Tam led a team of Fox Chase physicians in a retrospective study designed to investigate those differences in outcomes. They found no statistically significant difference in overall survival or distant recurrence, where the cancer spreads to other organs or tissues. However, local recurrence—having cancer return to the same area from which it was surgically removed—occurred more than 2.5 times more often among patients with multifocal/multicentric disease, compared to patients with a single tumor.
Tam and her colleagues analyzed the medical records of 112 women who were treated for multifocal or multicentric breast cancer at Fox Chase between 1983 and 2010. They compared outcomes data from those patients with data from 263 women treated for unifocal disease during the same period. Patients from the two groups were matched by age, gender, and stage at diagnosis. The researchers incorporated data on hormone-receptor status, type of surgery, age, grade, stage, and other therapies into their analyses. Males, patients with ductal carcinoma in situ (DCIS) and metastatic disease were all excluded from the study.

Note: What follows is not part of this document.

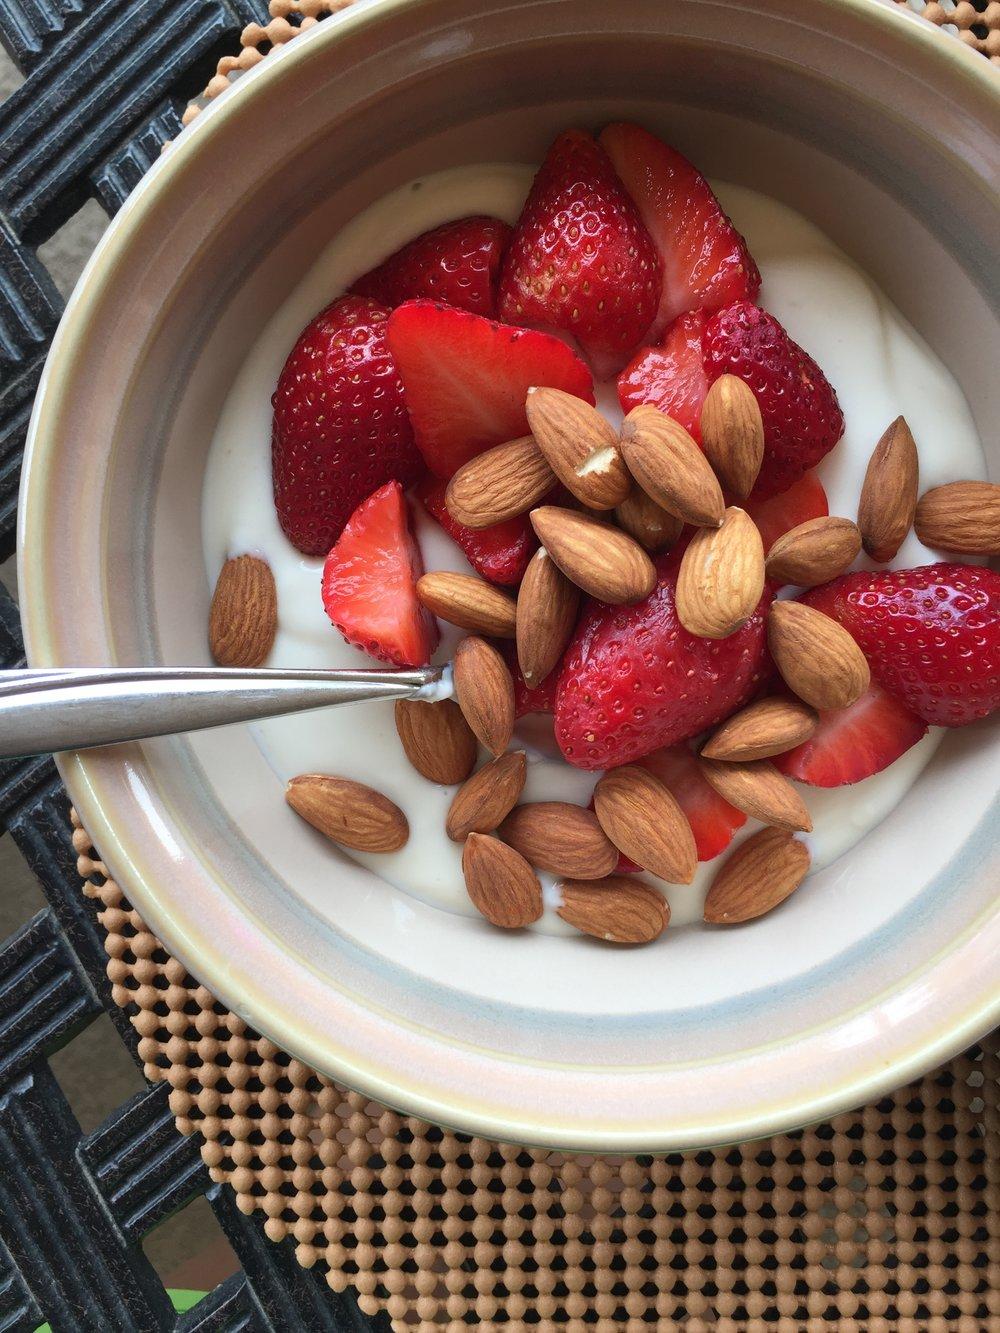 yogurt and strawbs.JPG

Overall survival rates and rates of distant recurrence were roughly equal between both groups. When the researchers accounted for all the variables, they found that multifocal or multicentric breast cancer patients were diagnosed with local recurrences about 2.6 times as often as patients with unifocal disease. In addition, patients with multiple tumors had shorter periods of disease free survival, which is the amount of time that passes after treatment and before cancer is detected again.
Tam says she was motivated to do the study after treating patients diagnosed with multifocal or multicentric disease. “They don’t have any other indications for radiation, post-mastectomy, and I wondered whether or not multifocal or multicentric disease should be considered in the decision to offer radiation,” she says.
The new study won’t change clinical practice guidelines, Tam says, but it suggests that the number of tumors found in the breast should be considered—along with other risk factors when considering radiation therapy.
“Even though this study suggests having multifocal or multicentric disease leads to increase local recurrence, we can’t say that definitely. It’s an additional factor that oncologists can consider,” Tam adds. It’s not clear whether or not patients with this type of disease have a more aggressive form of cancer or if they have some other risk factor that makes them more susceptible to developing multiple tumors.
Those patients may benefit from radiation therapy following mastectomy, for example, to reduce the likelihood of local recurrence, though larger studies are needed to weigh the possible benefits against possible harms.
Tam’s coauthors include Penny Anderson, Tianyu Li, Lori Goldstein, Richard Bleicher, Marcia Boraas, Elin Sigurdson, Paula Ryan, and Shelly Hayes from Fox Chase.
Fox Chase Cancer Center, part of the Temple University Health System, is one of the leading cancer research and treatment centers in the United States. Founded in 1904 in Philadelphia as one of the nation’s first cancer hospitals, Fox Chase was also among the first institutions to be designated a National Cancer Institute Comprehensive Cancer Center in 1974. Fox Chase researchers have won the highest awards in their fields, including two Nobel Prizes. Fox Chase physicians are also routinely recognized in national rankings, and the Center’s nursing program has received the Magnet status for excellence three consecutive times. Today, Fox Chase conducts a broad array of nationally competitive basic, translational, and clinical research, with special programs in cancer prevention, detection, survivorship, and community outreach. For more information, call 1-888-FOX-CHASE or 1-888-369-2427.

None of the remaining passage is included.